TASK - Only one stretch of the records below is wanted: the lines from the one holding "Surrealist painting: face" through the one holding "Large Toaster Oven". Return it exactly, both ends included.

Data excerpts:
^^^^^^^^^^^^^^^^

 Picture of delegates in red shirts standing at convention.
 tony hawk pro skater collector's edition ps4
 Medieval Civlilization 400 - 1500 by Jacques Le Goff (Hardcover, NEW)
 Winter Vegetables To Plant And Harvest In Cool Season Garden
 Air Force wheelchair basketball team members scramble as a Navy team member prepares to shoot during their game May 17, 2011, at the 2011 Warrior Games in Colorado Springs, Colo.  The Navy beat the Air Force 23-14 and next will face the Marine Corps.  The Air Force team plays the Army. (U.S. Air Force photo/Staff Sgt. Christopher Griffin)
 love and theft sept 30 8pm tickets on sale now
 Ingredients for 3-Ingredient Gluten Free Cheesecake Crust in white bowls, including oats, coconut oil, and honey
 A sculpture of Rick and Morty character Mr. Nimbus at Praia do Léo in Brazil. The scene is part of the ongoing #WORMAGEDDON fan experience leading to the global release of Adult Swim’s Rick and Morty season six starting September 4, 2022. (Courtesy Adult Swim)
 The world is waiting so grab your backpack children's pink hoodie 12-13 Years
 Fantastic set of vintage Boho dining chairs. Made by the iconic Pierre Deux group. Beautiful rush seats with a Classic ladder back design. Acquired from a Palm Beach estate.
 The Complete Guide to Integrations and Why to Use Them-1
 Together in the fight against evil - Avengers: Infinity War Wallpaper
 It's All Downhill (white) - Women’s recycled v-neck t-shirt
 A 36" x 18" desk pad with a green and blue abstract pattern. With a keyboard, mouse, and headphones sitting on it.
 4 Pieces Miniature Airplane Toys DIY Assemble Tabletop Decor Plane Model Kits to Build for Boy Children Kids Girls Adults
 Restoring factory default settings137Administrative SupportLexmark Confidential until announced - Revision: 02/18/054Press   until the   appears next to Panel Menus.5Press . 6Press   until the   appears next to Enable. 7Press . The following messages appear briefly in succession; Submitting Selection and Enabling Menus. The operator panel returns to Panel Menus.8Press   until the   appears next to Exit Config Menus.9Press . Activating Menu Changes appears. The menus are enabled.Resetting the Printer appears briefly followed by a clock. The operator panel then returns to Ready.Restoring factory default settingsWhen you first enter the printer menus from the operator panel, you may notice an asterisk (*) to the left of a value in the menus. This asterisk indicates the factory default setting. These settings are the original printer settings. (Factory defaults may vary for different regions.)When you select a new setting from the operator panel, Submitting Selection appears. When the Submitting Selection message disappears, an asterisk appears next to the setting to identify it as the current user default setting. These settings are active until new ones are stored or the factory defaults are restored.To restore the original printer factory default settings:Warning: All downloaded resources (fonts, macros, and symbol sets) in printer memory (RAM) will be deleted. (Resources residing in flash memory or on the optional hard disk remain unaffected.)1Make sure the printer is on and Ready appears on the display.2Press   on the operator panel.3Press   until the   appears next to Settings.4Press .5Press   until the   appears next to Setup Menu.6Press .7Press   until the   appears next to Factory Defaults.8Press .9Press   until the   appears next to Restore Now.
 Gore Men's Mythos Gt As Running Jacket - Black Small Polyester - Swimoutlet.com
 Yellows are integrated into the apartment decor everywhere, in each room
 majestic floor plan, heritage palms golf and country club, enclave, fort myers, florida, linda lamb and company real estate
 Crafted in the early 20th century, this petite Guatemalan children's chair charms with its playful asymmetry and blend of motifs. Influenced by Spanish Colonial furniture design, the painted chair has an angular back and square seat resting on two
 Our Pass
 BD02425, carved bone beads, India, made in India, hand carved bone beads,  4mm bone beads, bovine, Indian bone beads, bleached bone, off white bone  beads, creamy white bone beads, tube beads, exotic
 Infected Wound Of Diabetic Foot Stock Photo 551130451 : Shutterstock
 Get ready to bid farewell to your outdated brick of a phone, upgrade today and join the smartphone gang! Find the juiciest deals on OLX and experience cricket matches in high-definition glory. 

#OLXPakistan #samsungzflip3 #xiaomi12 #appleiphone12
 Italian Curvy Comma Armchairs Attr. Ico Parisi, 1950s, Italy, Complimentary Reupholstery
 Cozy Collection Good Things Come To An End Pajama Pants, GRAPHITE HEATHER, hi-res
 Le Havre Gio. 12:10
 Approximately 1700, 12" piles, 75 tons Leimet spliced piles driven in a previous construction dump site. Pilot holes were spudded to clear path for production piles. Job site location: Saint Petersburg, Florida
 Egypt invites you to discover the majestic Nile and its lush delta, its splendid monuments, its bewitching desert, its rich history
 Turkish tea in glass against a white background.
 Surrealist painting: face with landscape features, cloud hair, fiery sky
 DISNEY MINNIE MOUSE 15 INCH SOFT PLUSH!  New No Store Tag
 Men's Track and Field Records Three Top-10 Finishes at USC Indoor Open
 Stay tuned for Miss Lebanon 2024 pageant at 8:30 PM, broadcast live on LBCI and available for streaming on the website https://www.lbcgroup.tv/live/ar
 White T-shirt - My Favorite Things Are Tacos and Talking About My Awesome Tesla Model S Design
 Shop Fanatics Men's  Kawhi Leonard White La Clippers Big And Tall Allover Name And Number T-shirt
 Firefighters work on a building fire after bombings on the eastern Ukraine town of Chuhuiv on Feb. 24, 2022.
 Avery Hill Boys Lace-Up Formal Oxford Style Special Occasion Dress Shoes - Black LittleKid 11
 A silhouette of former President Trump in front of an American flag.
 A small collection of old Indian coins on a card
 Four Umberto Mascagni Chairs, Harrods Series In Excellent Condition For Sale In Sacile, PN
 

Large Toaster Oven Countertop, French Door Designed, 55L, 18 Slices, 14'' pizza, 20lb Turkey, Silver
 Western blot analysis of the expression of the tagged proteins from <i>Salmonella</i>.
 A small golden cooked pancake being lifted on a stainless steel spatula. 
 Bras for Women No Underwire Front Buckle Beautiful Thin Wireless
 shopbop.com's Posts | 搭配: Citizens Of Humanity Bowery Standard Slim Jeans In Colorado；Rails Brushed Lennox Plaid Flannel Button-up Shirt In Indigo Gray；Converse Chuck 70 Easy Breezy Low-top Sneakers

^^^^^^^^^^^^^^^^

RESULT OF THIS TASK -
 Surrealist painting: face with landscape features, cloud hair, fiery sky
 DISNEY MINNIE MOUSE 15 INCH SOFT PLUSH!  New No Store Tag
 Men's Track and Field Records Three Top-10 Finishes at USC Indoor Open
 Stay tuned for Miss Lebanon 2024 pageant at 8:30 PM, broadcast live on LBCI and available for streaming on the website https://www.lbcgroup.tv/live/ar
 White T-shirt - My Favorite Things Are Tacos and Talking About My Awesome Tesla Model S Design
 Shop Fanatics Men's  Kawhi Leonard White La Clippers Big And Tall Allover Name And Number T-shirt
 Firefighters work on a building fire after bombings on the eastern Ukraine town of Chuhuiv on Feb. 24, 2022.
 Avery Hill Boys Lace-Up Formal Oxford Style Special Occasion Dress Shoes - Black LittleKid 11
 A silhouette of former President Trump in front of an American flag.
 A small collection of old Indian coins on a card
 Four Umberto Mascagni Chairs, Harrods Series In Excellent Condition For Sale In Sacile, PN
 

Large Toaster Oven Countertop, French Door Designed, 55L, 18 Slices, 14'' pizza, 20lb Turkey, Silver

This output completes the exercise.